16. Three more people were killed and two others were critically injured in a rocket attack on Saturday (October 7), the sixth day of sectarian clashes between the Sunnis and the Shias in the Orakzai agency of the Federally-Administered Tribal Areas (FATA). The Ahl-e-Tashai, a local Shia organisation, blamed local Taliban and foreign militants for the sectarian violence in the agency. “These are Taliban and Al Qaeda men who have pressured the Sunni leaders and the political administration to dishonour the agreement reached in 2000 between the Sunni and Shia leaders and the political administration regarding the maintenance and reconstruction of the shrine of Hazrat Mir Anwar Shah,” Syed Hamayun and Nazir Khan, members of the Ahl-e-Tashai, told reporters at the Peshawar Press Club on Saturday. The organisation demanded the NWFP Governor and the Federal Government bring the Taliban to justice. Syed Hamayun accused the Government and political administration of giving a free hand to the Taliban against the Shia. They urged the Government to give control of the shrine to the Shias and stop the local Taliban from conducting raids. They claimed that the shrine, which originally belonged to the Shia, was handed over to the Sunni community during British rule. Later, through an agreement between the two sects, the Shias were allowed to visit the shrine and ensure its maintenance, they said. The local Taliban in 2000 declared the agreement un-Islamic and warned the Shia community to stop coming to the shrine, they said. The rockets were fired in Layda, in Kalaya, early on Saturday.
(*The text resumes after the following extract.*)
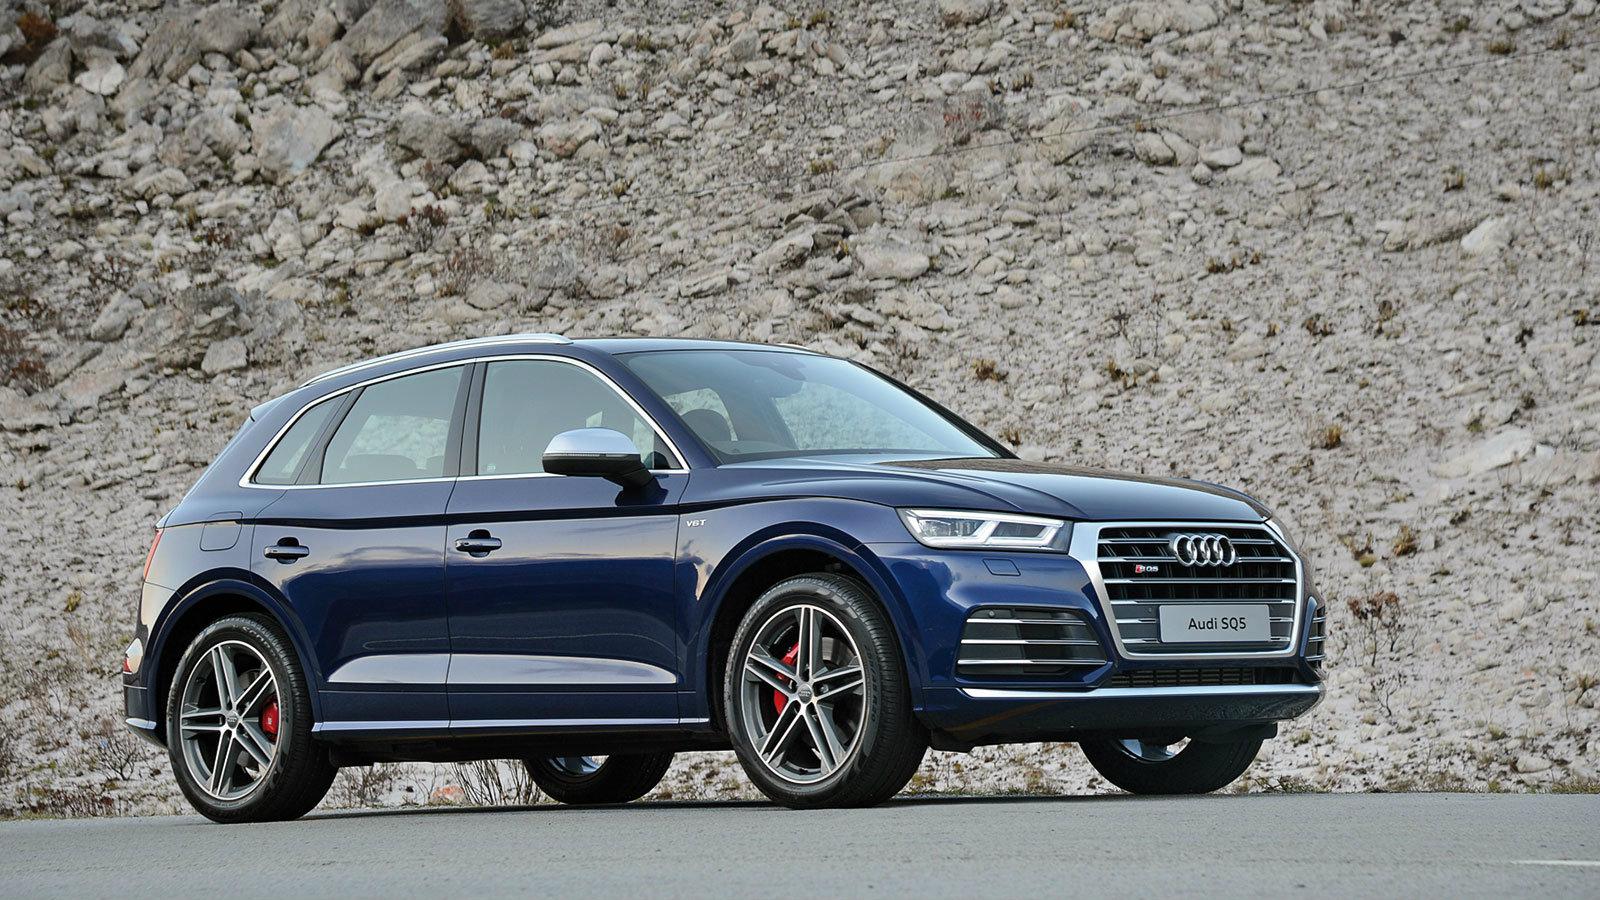 Το εξακύλινδρο σύνολο των 700ΝΜ ροπής δικαιολογεί την απόφαση της Audi να μην εγκαταλείψει ακόμα τους diesel κινητήρες.

The death toll from the sectarian clashes soared to 27 on October 7 and the number of injured to over 48, including women and children. The authorities have declared an emergency in all hospitals of the town and schools in the area have closed. (Agency reports, 8-10-06)

17. Ahl-e-Tashai, a Shia organisation, said on October 20,2006, that Taliban insurgents from Afghanistan and Arab nationals were “involved” in the recent sectarian clashes between Shias and Sunnis over a disputed shrine in lower Orakzai Agency in the Federally-Administered Tribal Areas (FATA). Around 50 people were killed in violence before a ceasefire deal could be brokered between the two sides. “We (Shias) have proof that foreign Taliban and Arabs fighters joined the local Taliban against Shias in the dispute over the shrine of Mir Anwar Shah in Kalaya tehsil,” Syed Hamayun Shah and Rafique Hussain, members of Ahl-e- Tashai, told a press conference at the Peshawar Press Club. “We noticed Arab nationals and foreign Taliban at a nearby madrassa of Sunnis,” they said, and demanded that the Federal Government take action against foreign militants “who compelled the local Taliban to violate a peace accord between the two sects, and disrupted the agency’s peace”. “The ceasefire deal will not work if action is not taken against the foreign militants,” said the Shia leaders. “If the Government is serious about a permanent solution to sectarian violence in the agency, it will have to clear the area of foreign militants,” they added. They accused Sunni leader Aslam Farooqi of agitating the local Taliban against the Shias of the area. A jirga had given a month’s time for the dispute to be resolved, they said, warning that Shias would continue sacrificing their lives if the shrine was not handed over to them, and local Taliban were not stopped from attacking Shias. The shrine and an adjacent graveyard were part of Shia property during the British rule, but these became a part of Sunni property when the British divided assets of the two sects because of certain reasons, they added. They said that an agreement with Sunnis allowed Shias to visit the shrine and graves of their ancestors, but in 2000, foreign Taliban and militants “compelled the local Taliban to declare the agreement un-Islamic and bar Shias from entering the shrine”. A jirga brokered a ceasefire deal on October 9 between the two sides, after 50 people had been killed in clashes. ("Daily Times" of Lahore 21-10-06)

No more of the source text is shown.